The crosstalk between NF-κB and JNK in the liver after PH has been demonstrated in the study using Gadd45β (growth arrest and DNA-damage-inducible gene 45β), an NF-κB target gene, knockout mice [39]. Gadd45β−/− mice exhibited decreased hepatocyte proliferation and increased programmed cell death during liver regeneration, in which JNK activity was increased and sustained. This study further supports the concept that an appropriate activation of NF-κB in hepatocytes is important for liver regeneration by regulating JNK activity through Gadd45β. This issue will be discussed below.

It is now almost acceptable that the activation of NF-κB in Kupffer cells is crucial for intact liver regeneration after PH, especially for the priming phase [3]. Activated NF-κB conducts sequential production of TNFα and IL-6, each of which plays a significant role in the priming phase of the regenerative process. Indeed, early activation of NF-κB in liver regeneration after PH was demonstrated to primarily occur in Kupffer cells using cis-NF-κB-EGFP transgenic mice [35]. Moreover, inactivation of NF-κB in Kupffer cells as well as in hepatocytes impaired the proliferative response after PH as mentioned above [37].

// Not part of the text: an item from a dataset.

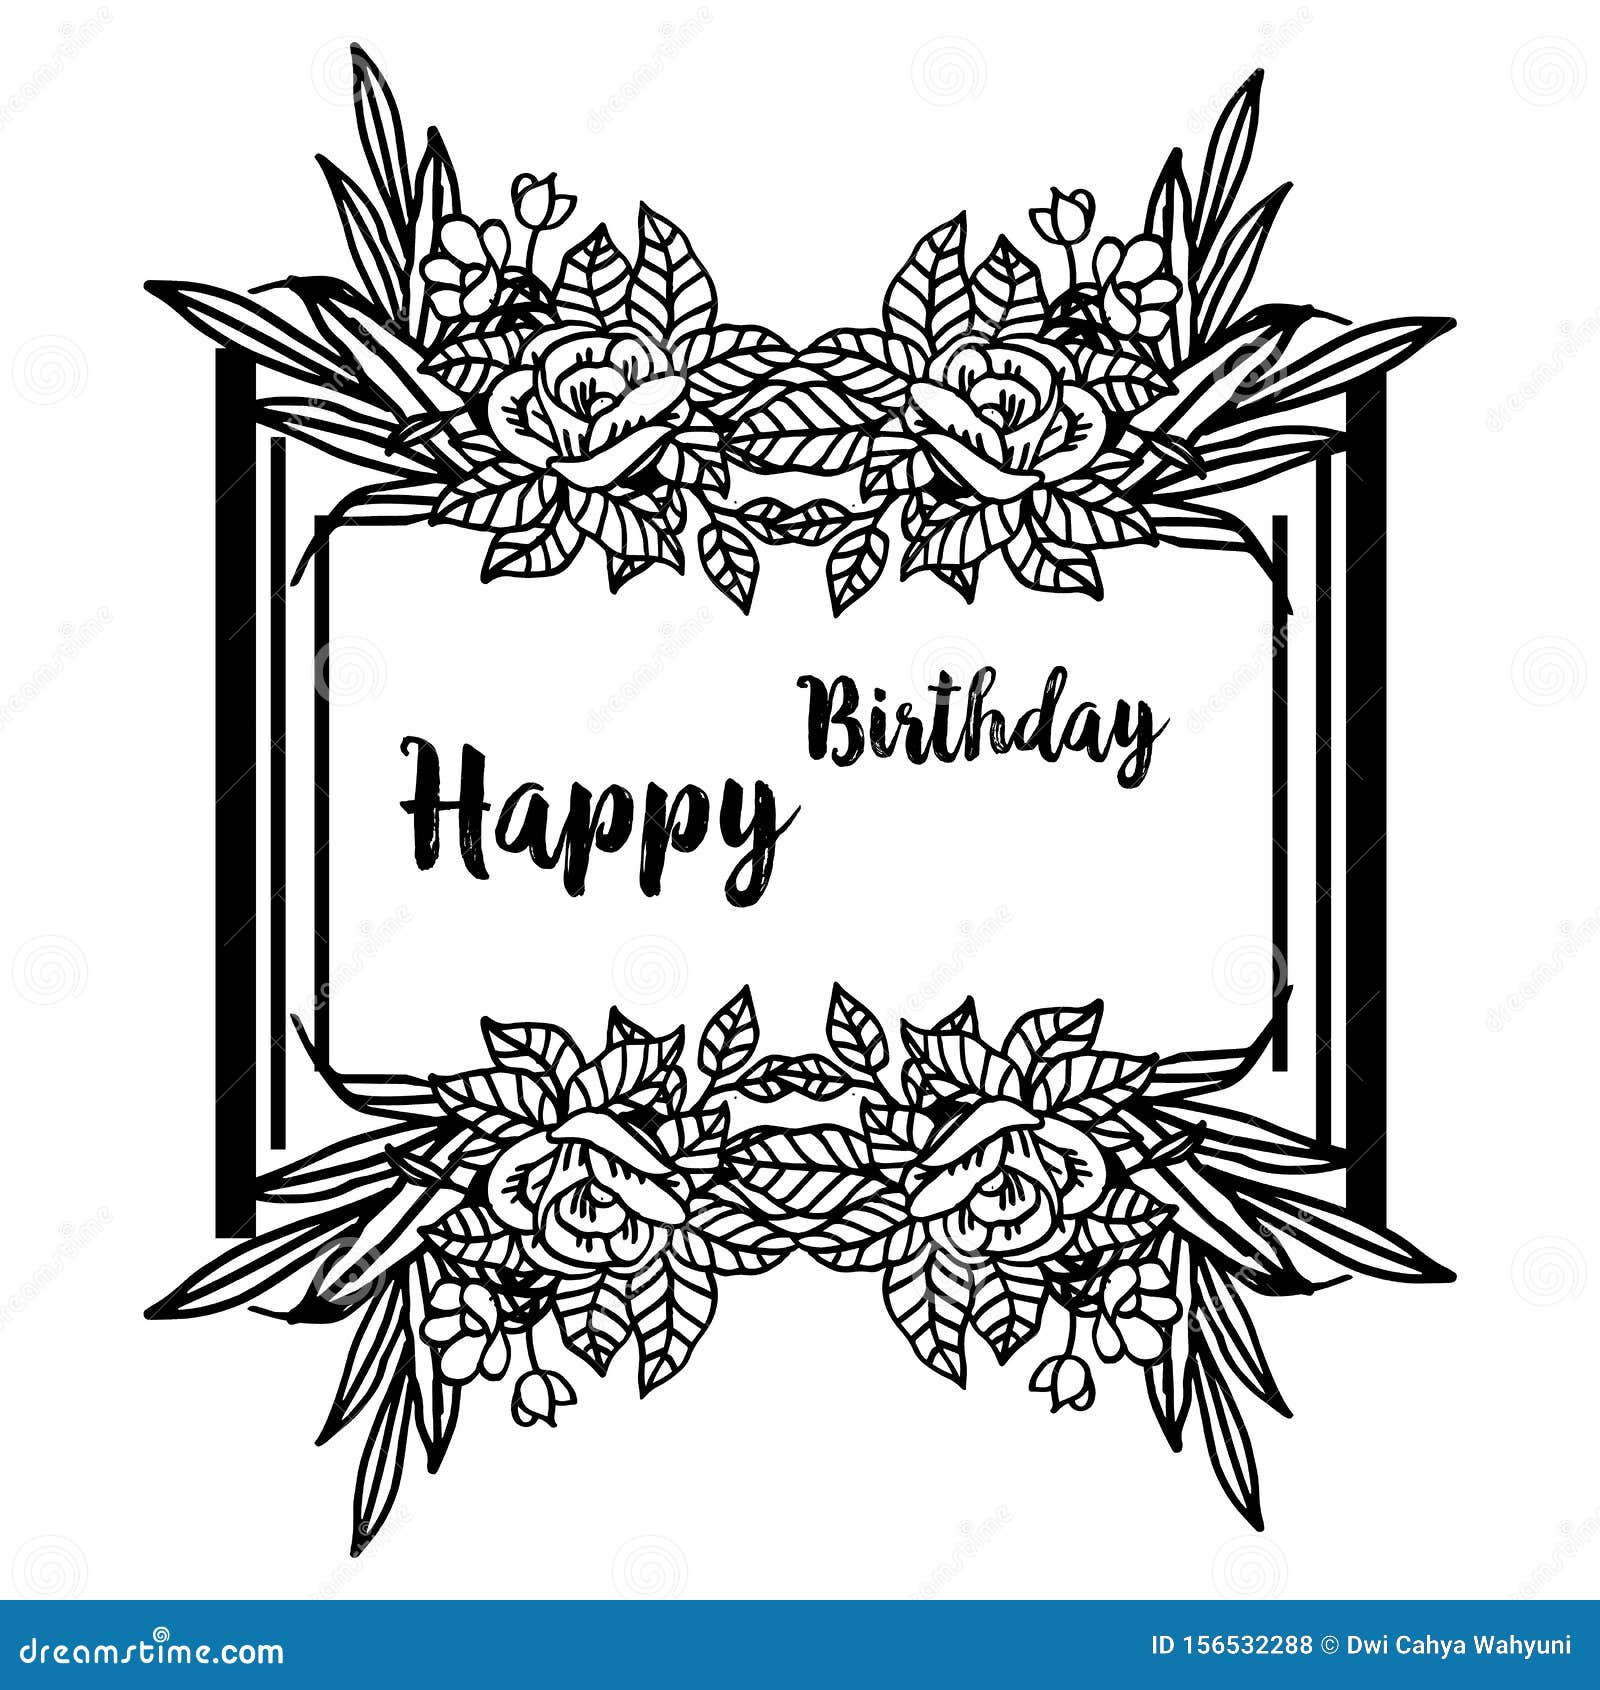 Background Design for Happy Birthday Card, with Vintage Flower Frame ...

5. JNK Activation after Partial Hepatectomy

Prompt expression of c-jun and activation of c-Jun N-terminal kinase (JNK) have been reported after PH as described above [40, 41]. Fetuses lacking c-jun die at midgestation with defects in heart morphogenesis and increased apoptosis of both hepatoblasts and hematopoietic cells in the fetal liver [42, 43]. Moreover, mice lacking the JNK kinase SEK1 exhibit a liver defect similar to c-jun−/− fetus [44, 45]. Roles of the transcription factor AP-1 (activator protein-1), including c-Jun, as a regulator of cell survival and death are well summarized in a previous paper [46]. The function of c-Jun at later stages of liver development or in adult liver remained to be elucidated.

The role of c-jun during liver regeneration after PH was first reported by using floxed c-jun alle (c-junf) mice crossing with Alfp-cre or Mx-cre transgenic mice [47]. In either Alfp-cre or Mx-cre-induced conditional c-jun knockout mice, prominent hepatocyte death and lipid accumulation in hepatocytes were observed after PH. These mice exhibited high mortality and impaired liver regeneration. These results indicate that c-jun is required for hepatocytes regeneration after PH. Interestingly, c-Jun N-terminal phosphorylation is not required for c-Jun function in liver regenerative response [47].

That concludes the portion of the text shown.